» Problem requirements: What is needed is a word-for-word copy of the listing below, without pictures.

Start of Data segment

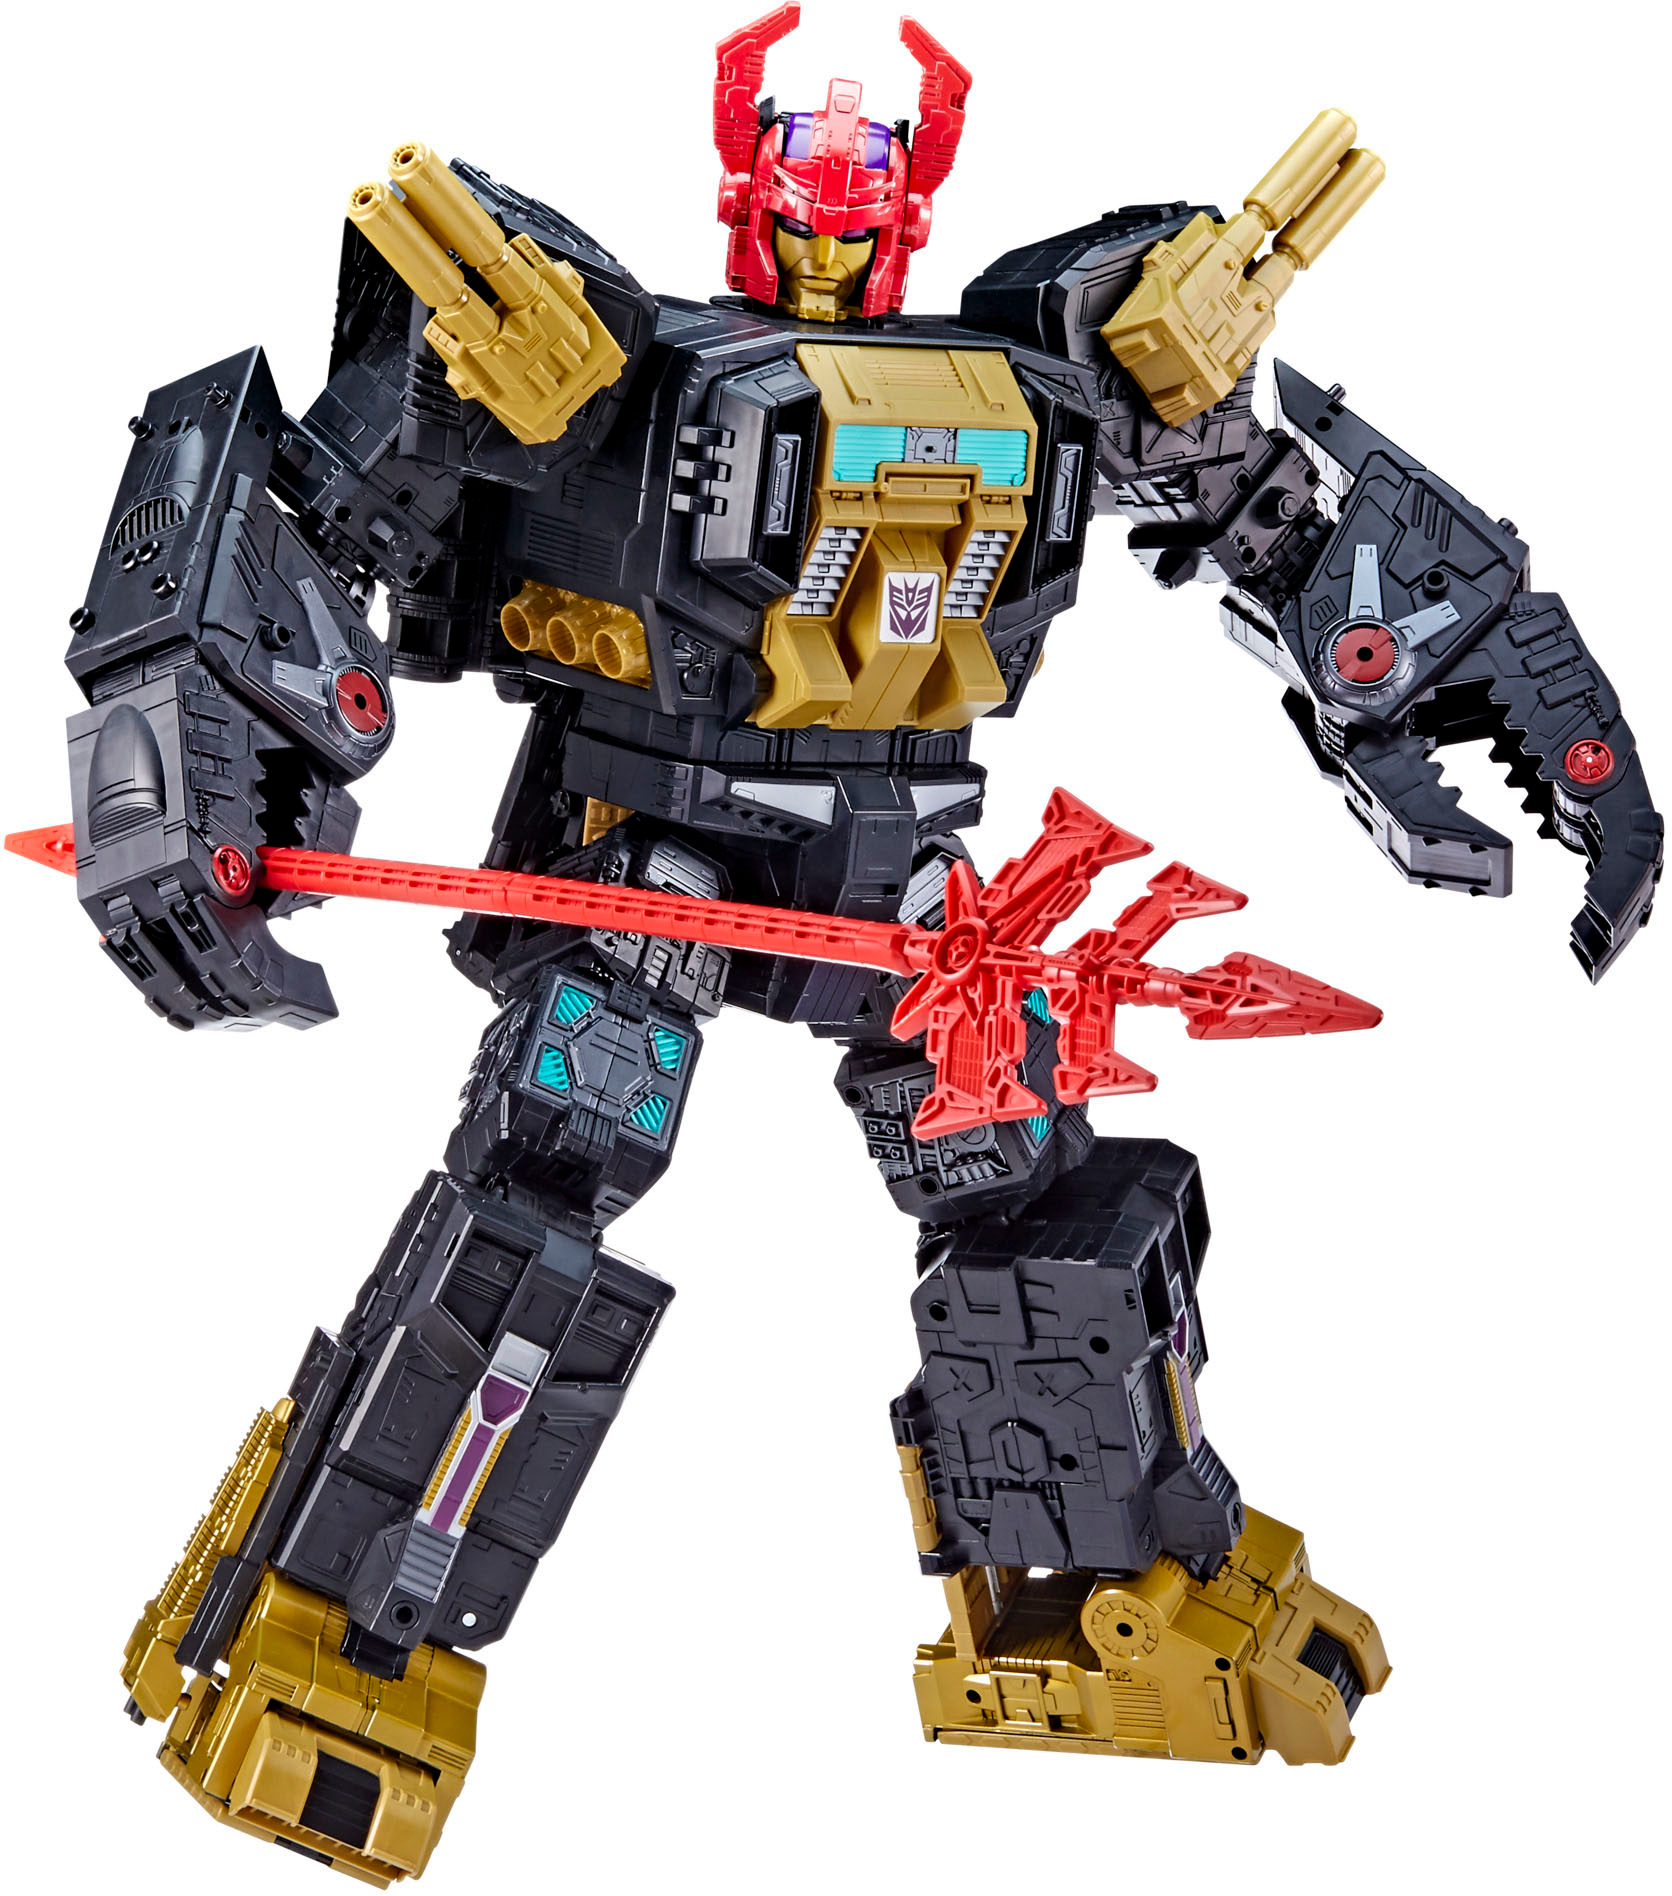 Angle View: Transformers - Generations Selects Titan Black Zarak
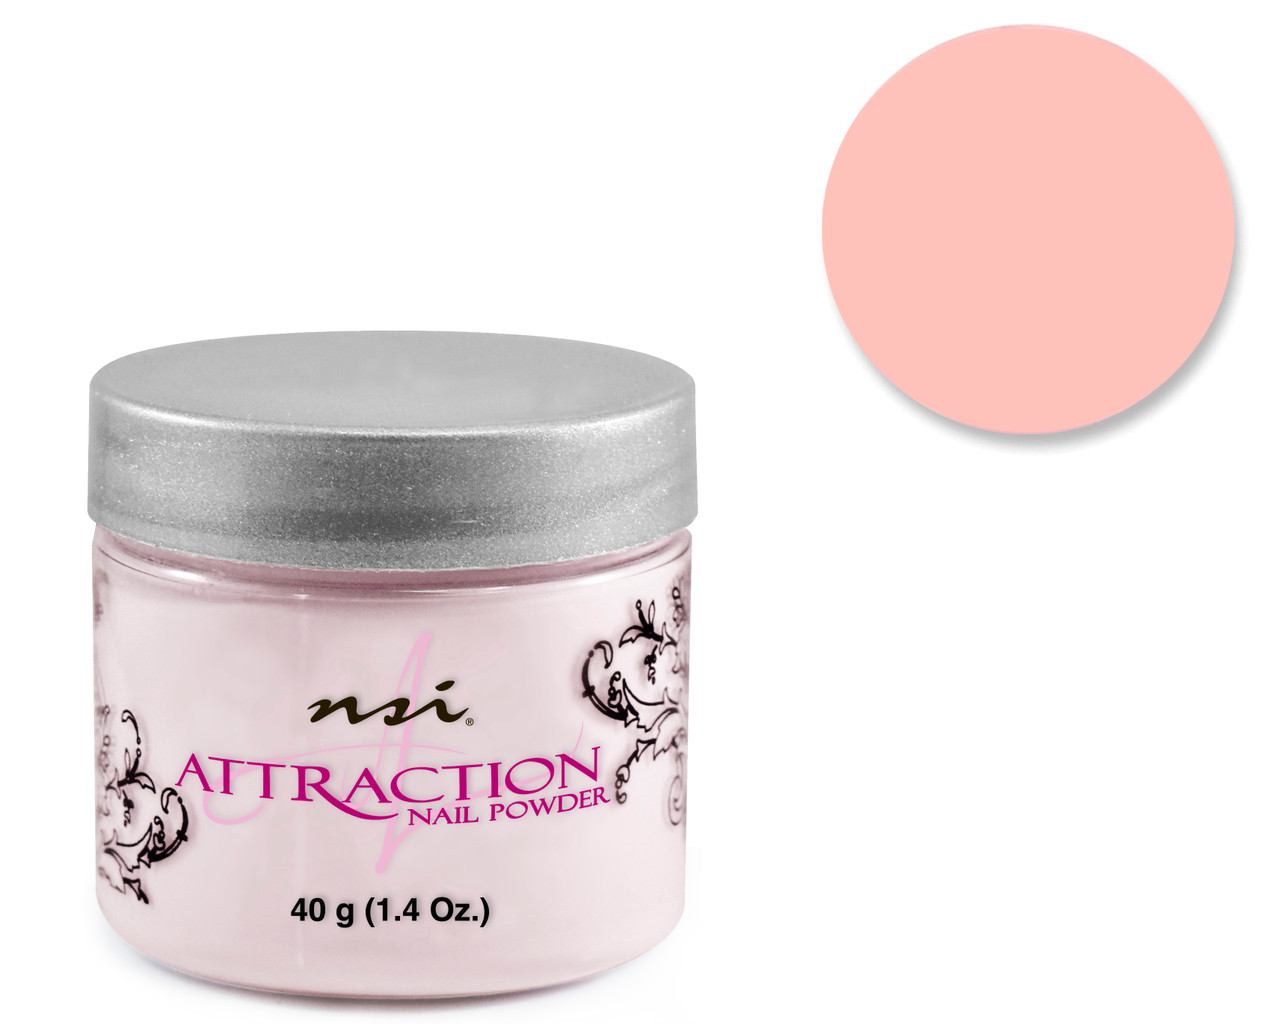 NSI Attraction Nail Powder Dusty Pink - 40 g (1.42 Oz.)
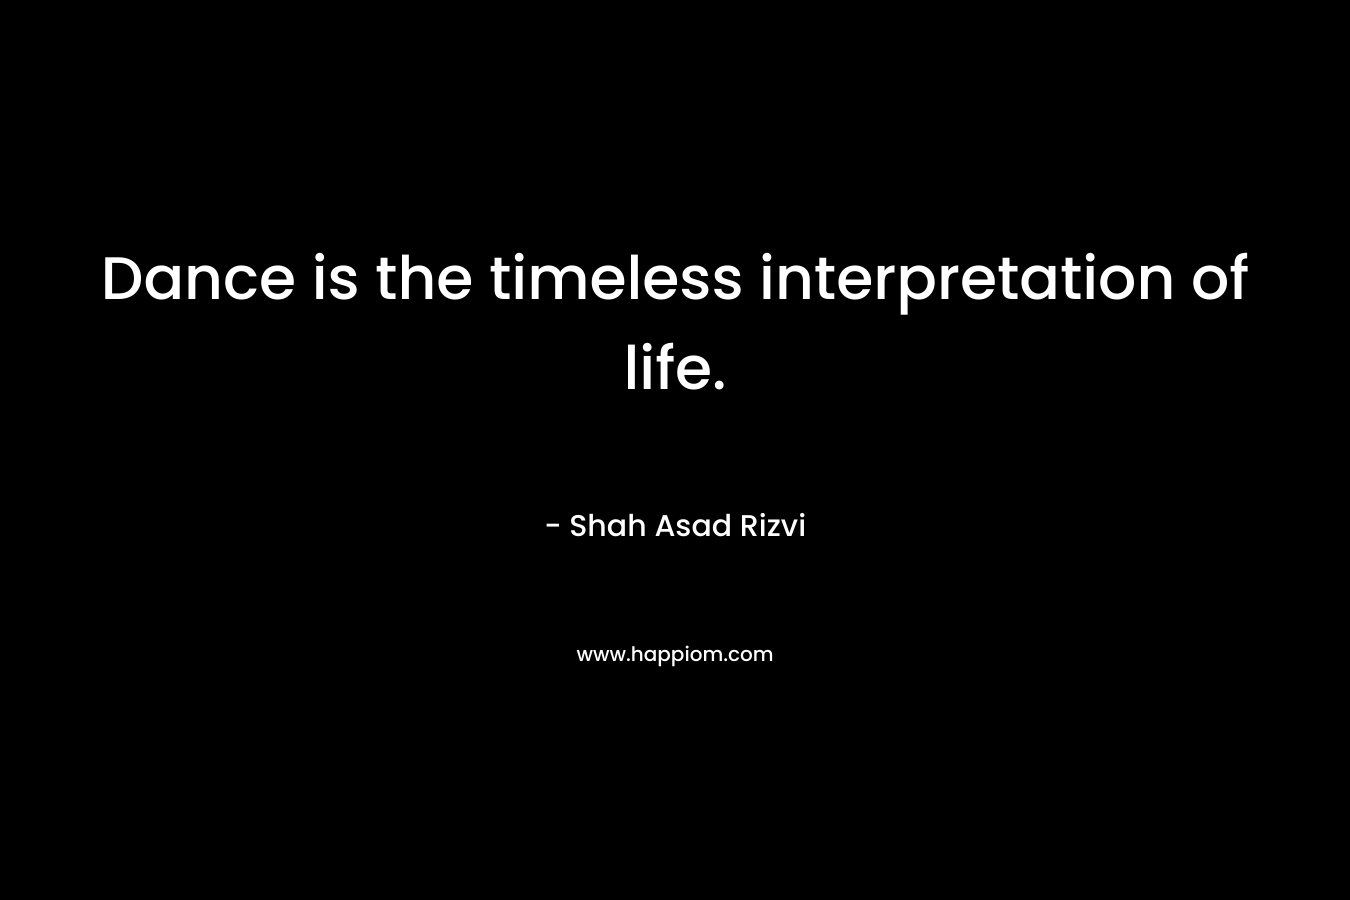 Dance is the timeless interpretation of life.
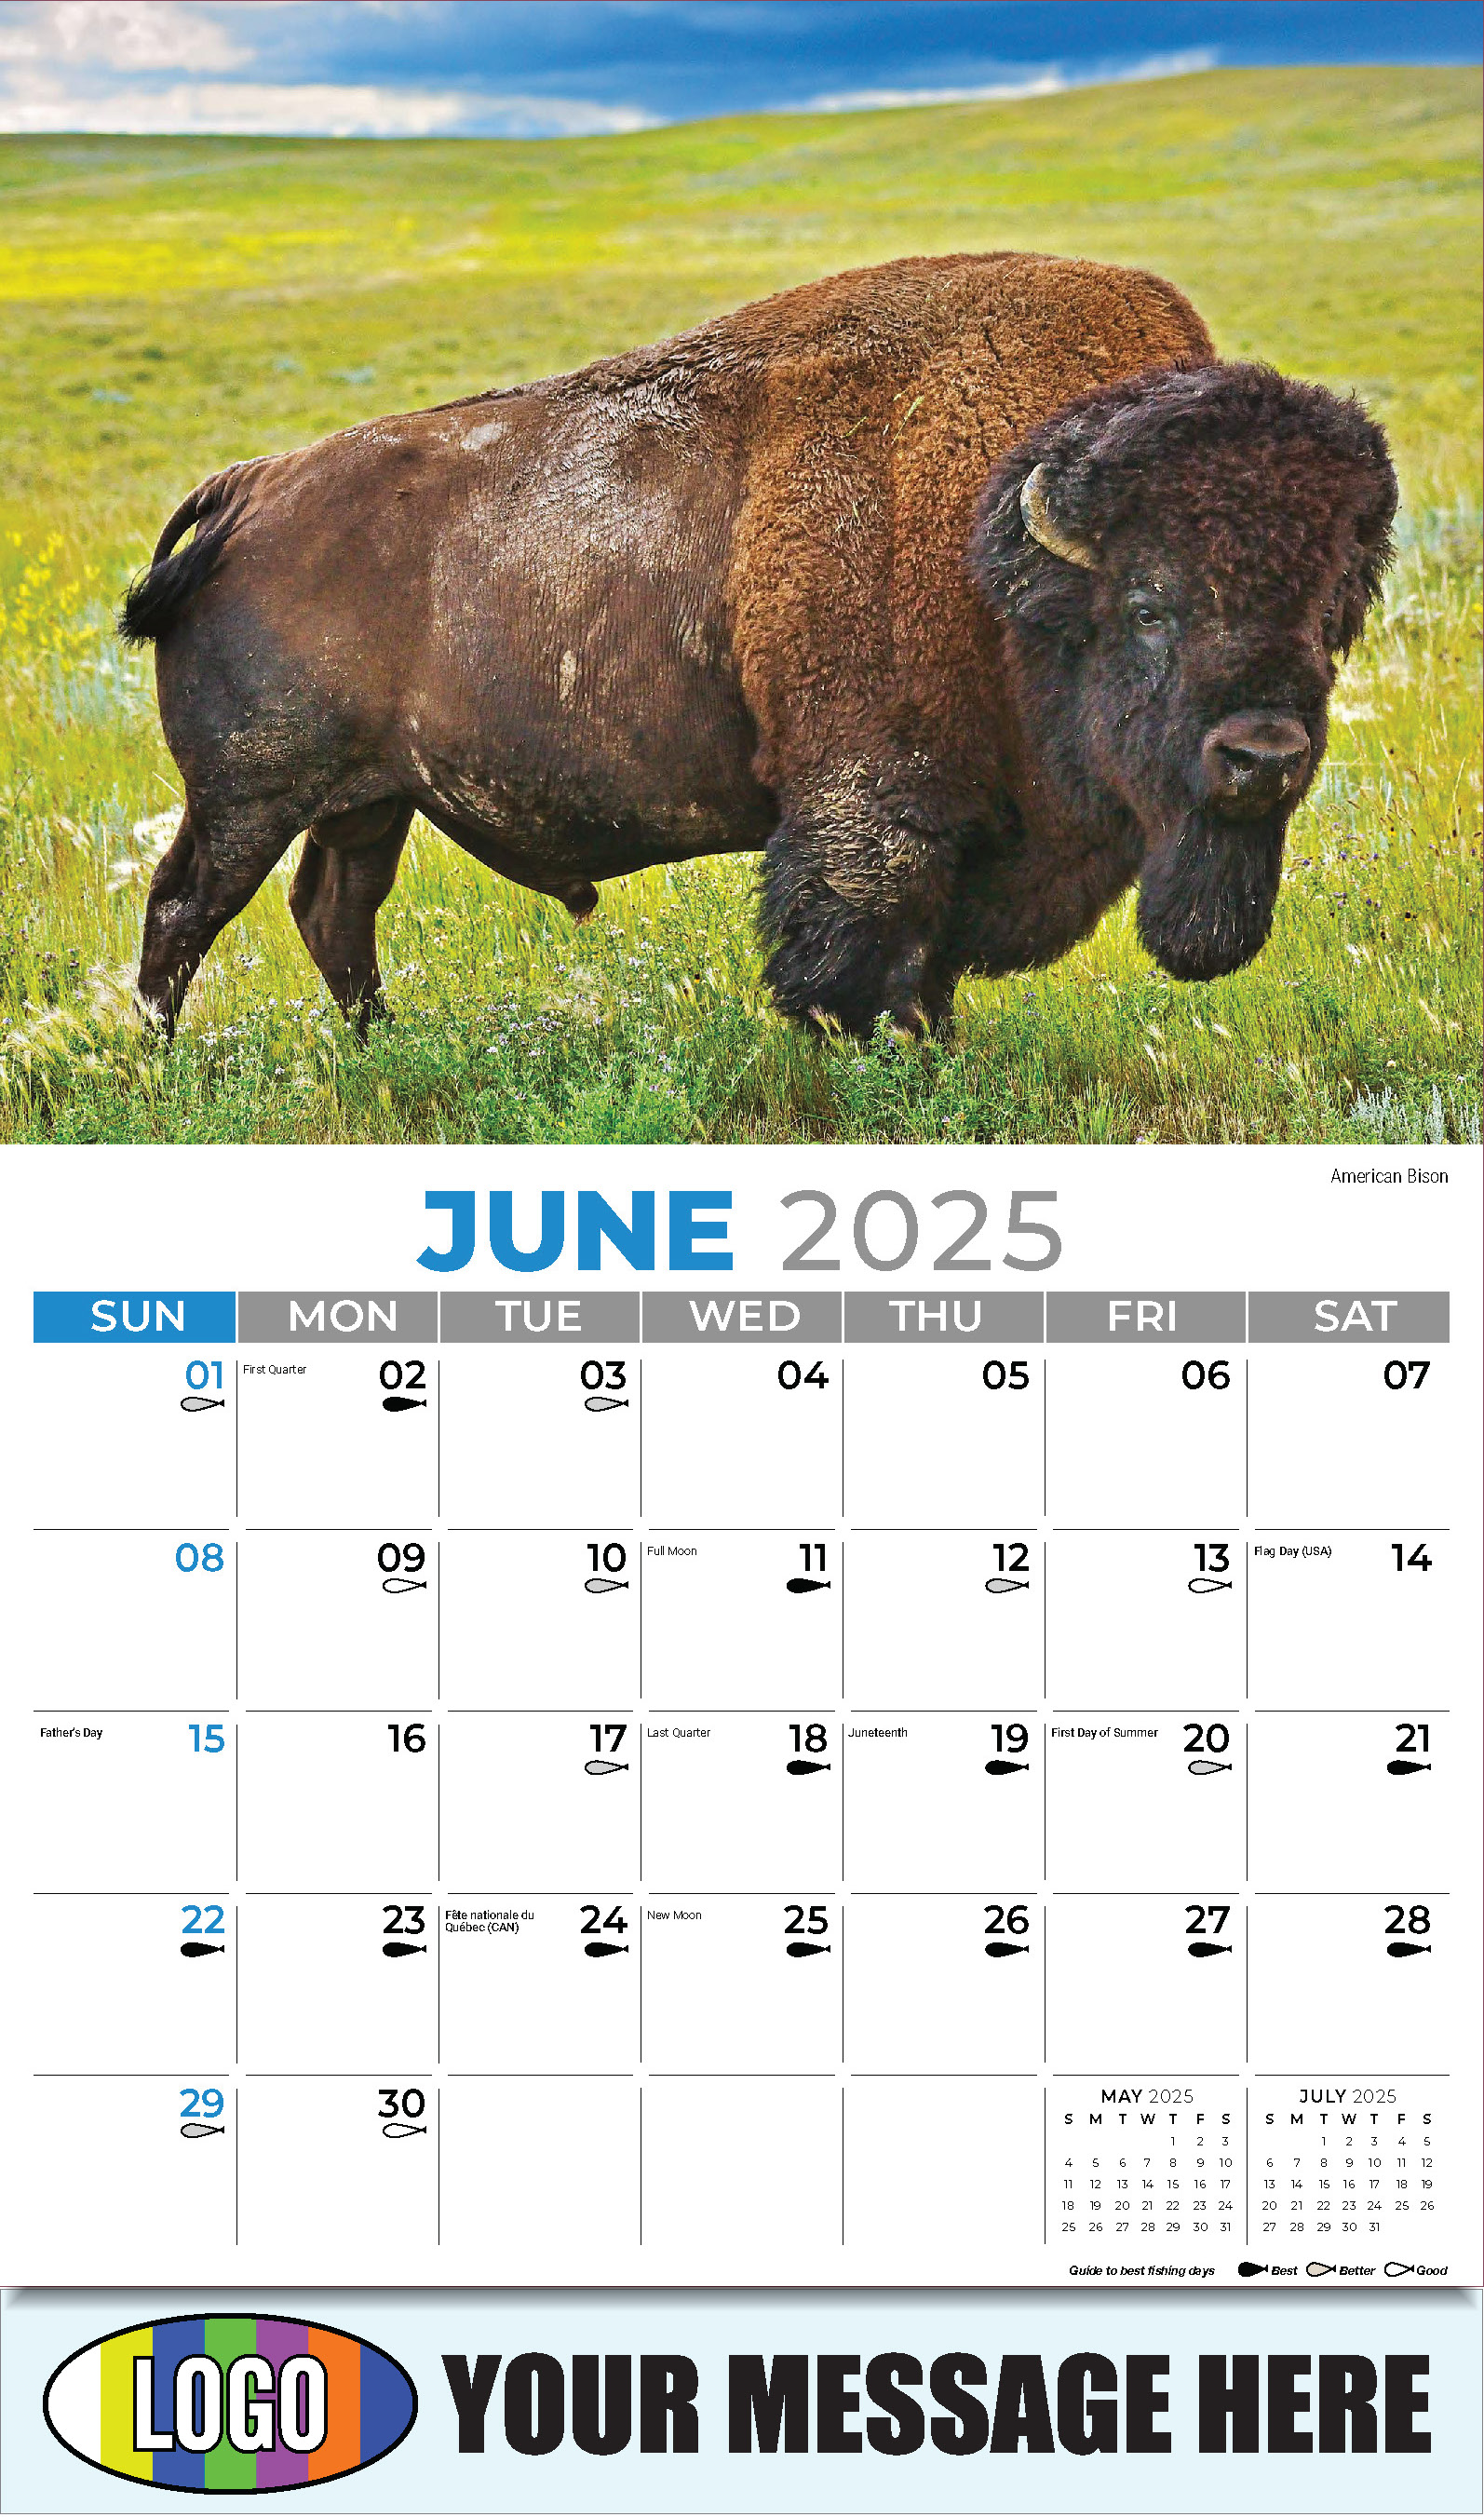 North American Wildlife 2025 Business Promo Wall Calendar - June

End of Data segment

» Reply to the exercise:
 Angle View: Transformers - Generations Selects Titan Black Zarak
 NSI Attraction Nail Powder Dusty Pink - 40 g (1.42 Oz.)
 Dance is the timeless interpretation of life.
 North American Wildlife 2025 Business Promo Wall Calendar - June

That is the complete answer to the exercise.